### [DATA FOR PROCESSING]
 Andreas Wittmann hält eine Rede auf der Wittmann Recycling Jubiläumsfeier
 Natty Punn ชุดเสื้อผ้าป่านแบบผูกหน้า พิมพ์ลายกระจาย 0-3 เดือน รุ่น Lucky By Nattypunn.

--

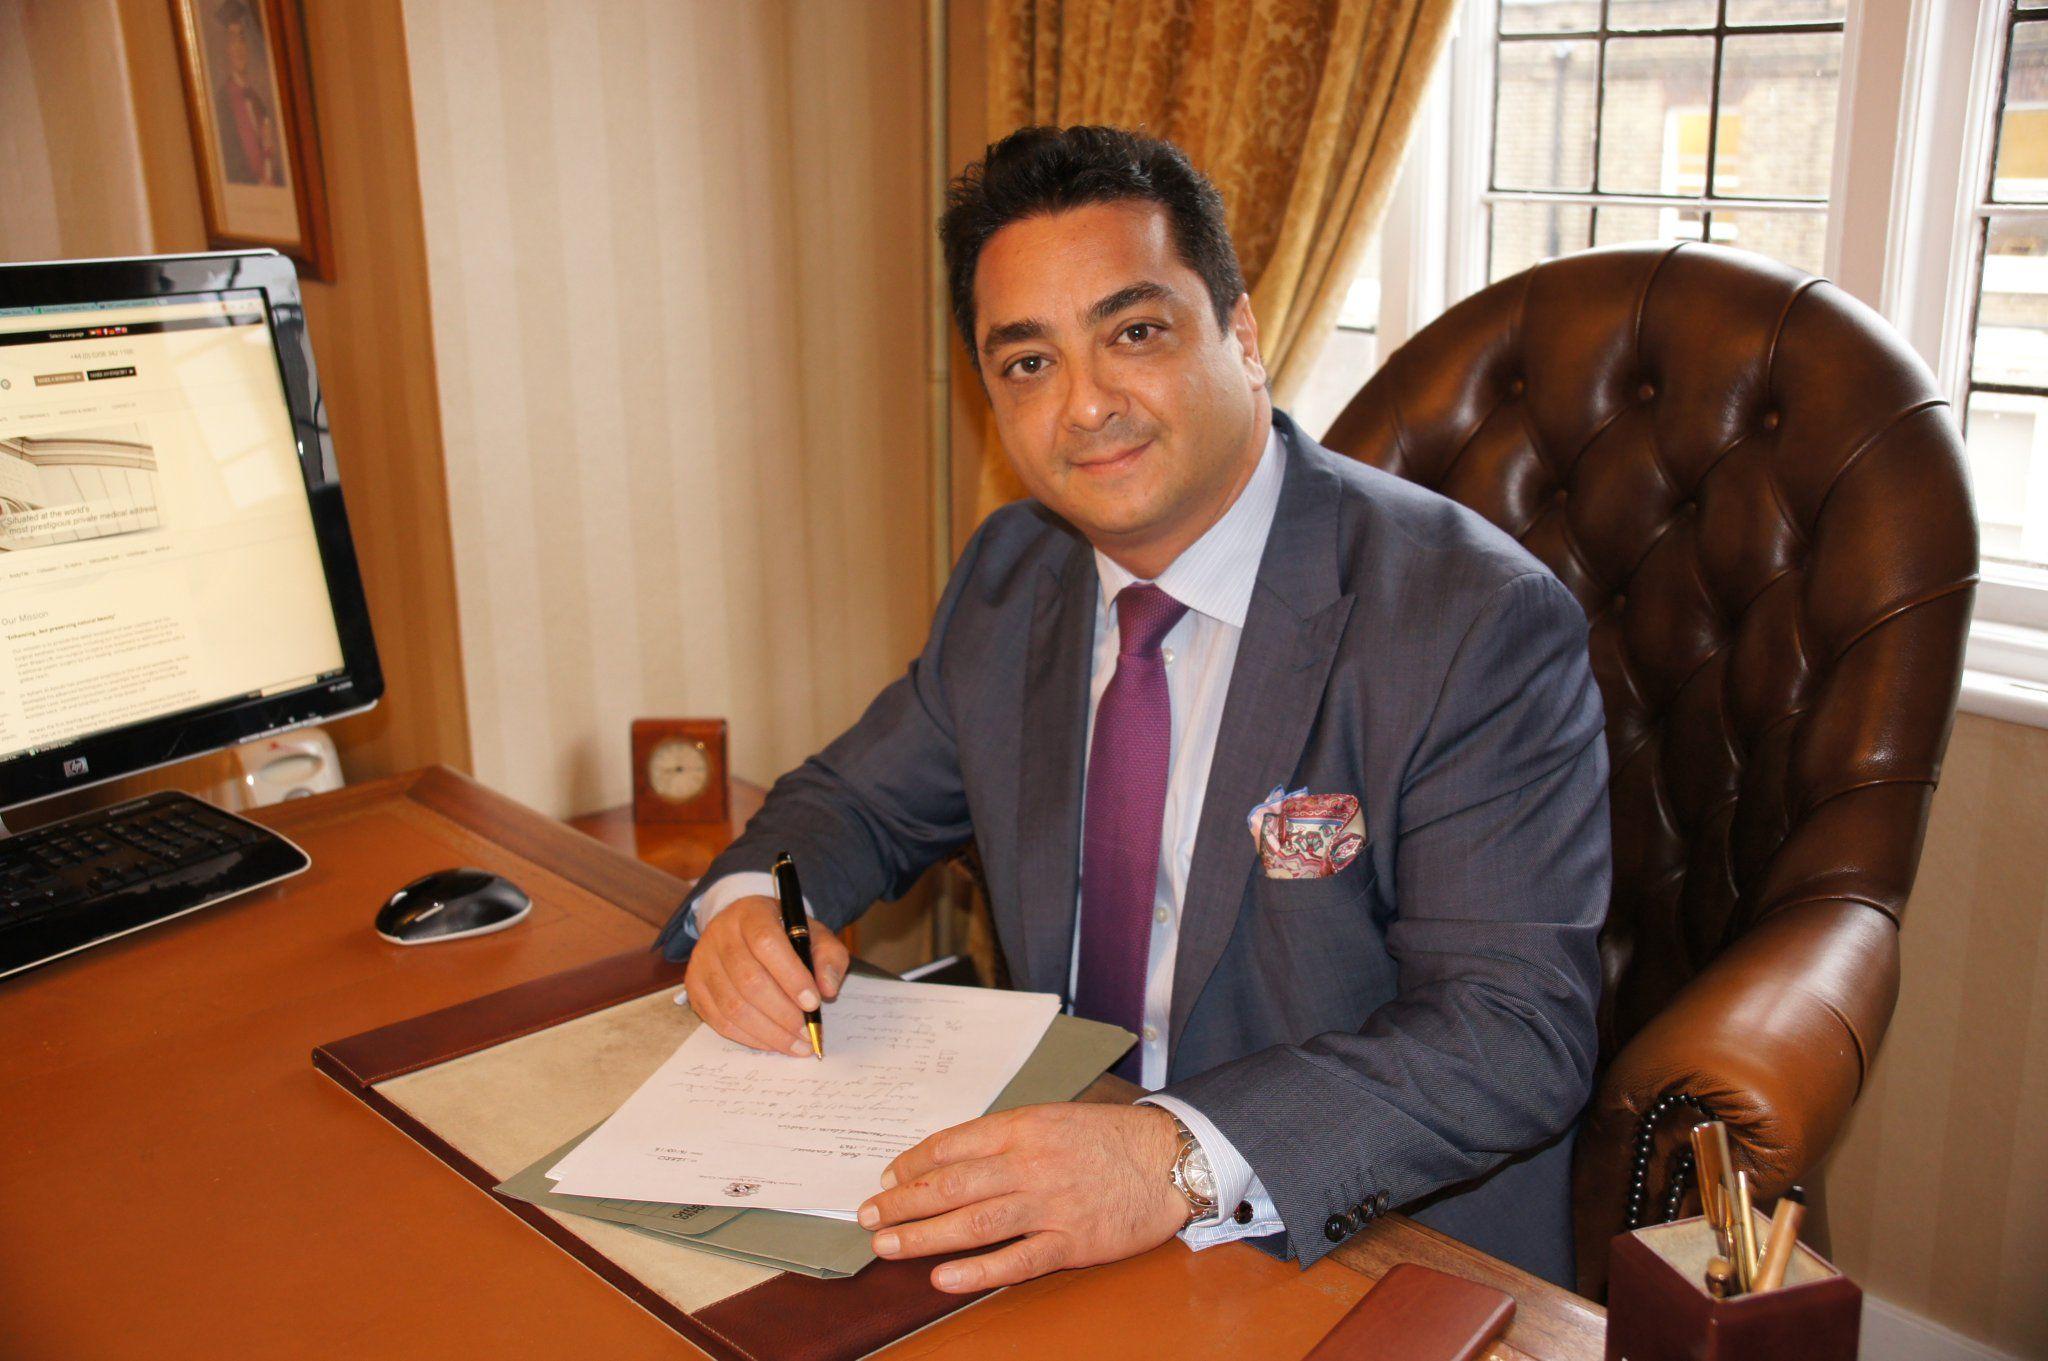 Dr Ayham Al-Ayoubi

==

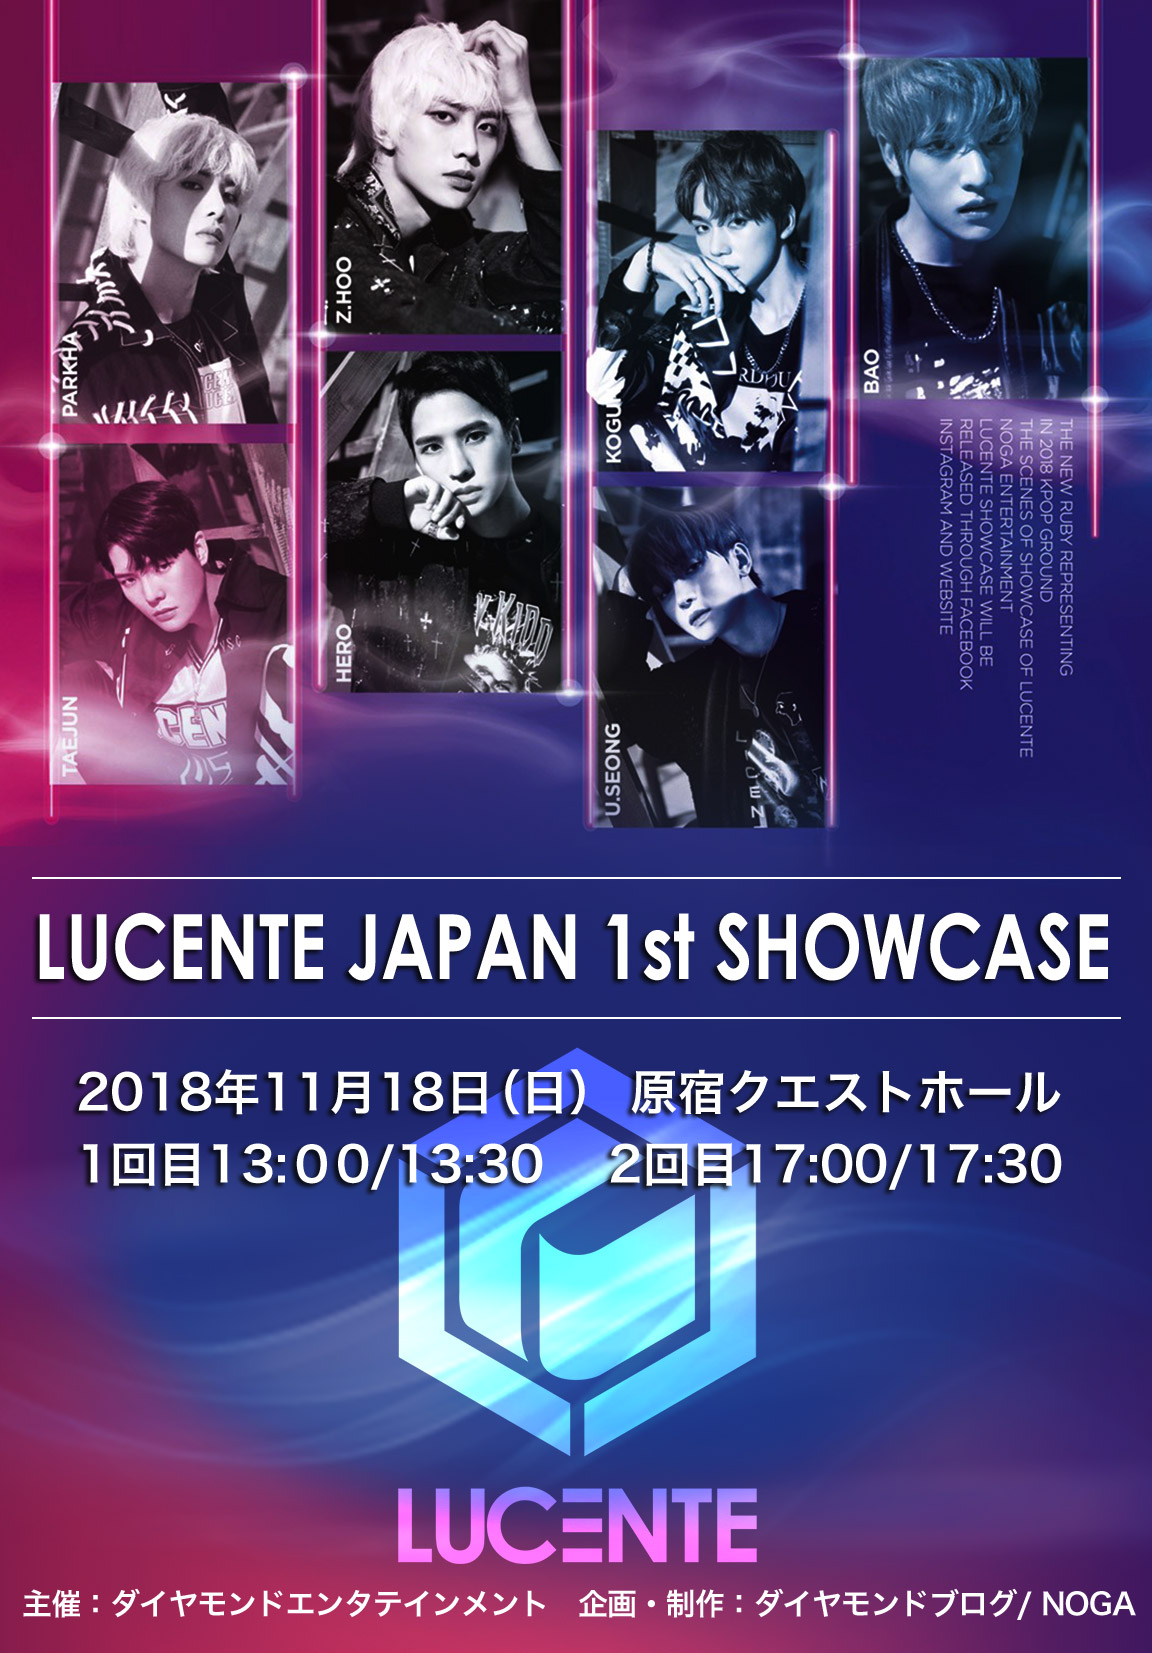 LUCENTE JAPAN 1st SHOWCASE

### [PROBLEM REQUIREMENTS]
The range runs from the line with "Andreas Wittmann hält" up to and including the line with "Natty Punn ชุดเสื้อผ้าป่านแบบผูกหน้า" in the listing above; please write out exactly those lines and nothing more.

### [REPLY TO THE EXERCISE]
 Andreas Wittmann hält eine Rede auf der Wittmann Recycling Jubiläumsfeier
 Natty Punn ชุดเสื้อผ้าป่านแบบผูกหน้า พิมพ์ลายกระจาย 0-3 เดือน รุ่น Lucky By Nattypunn.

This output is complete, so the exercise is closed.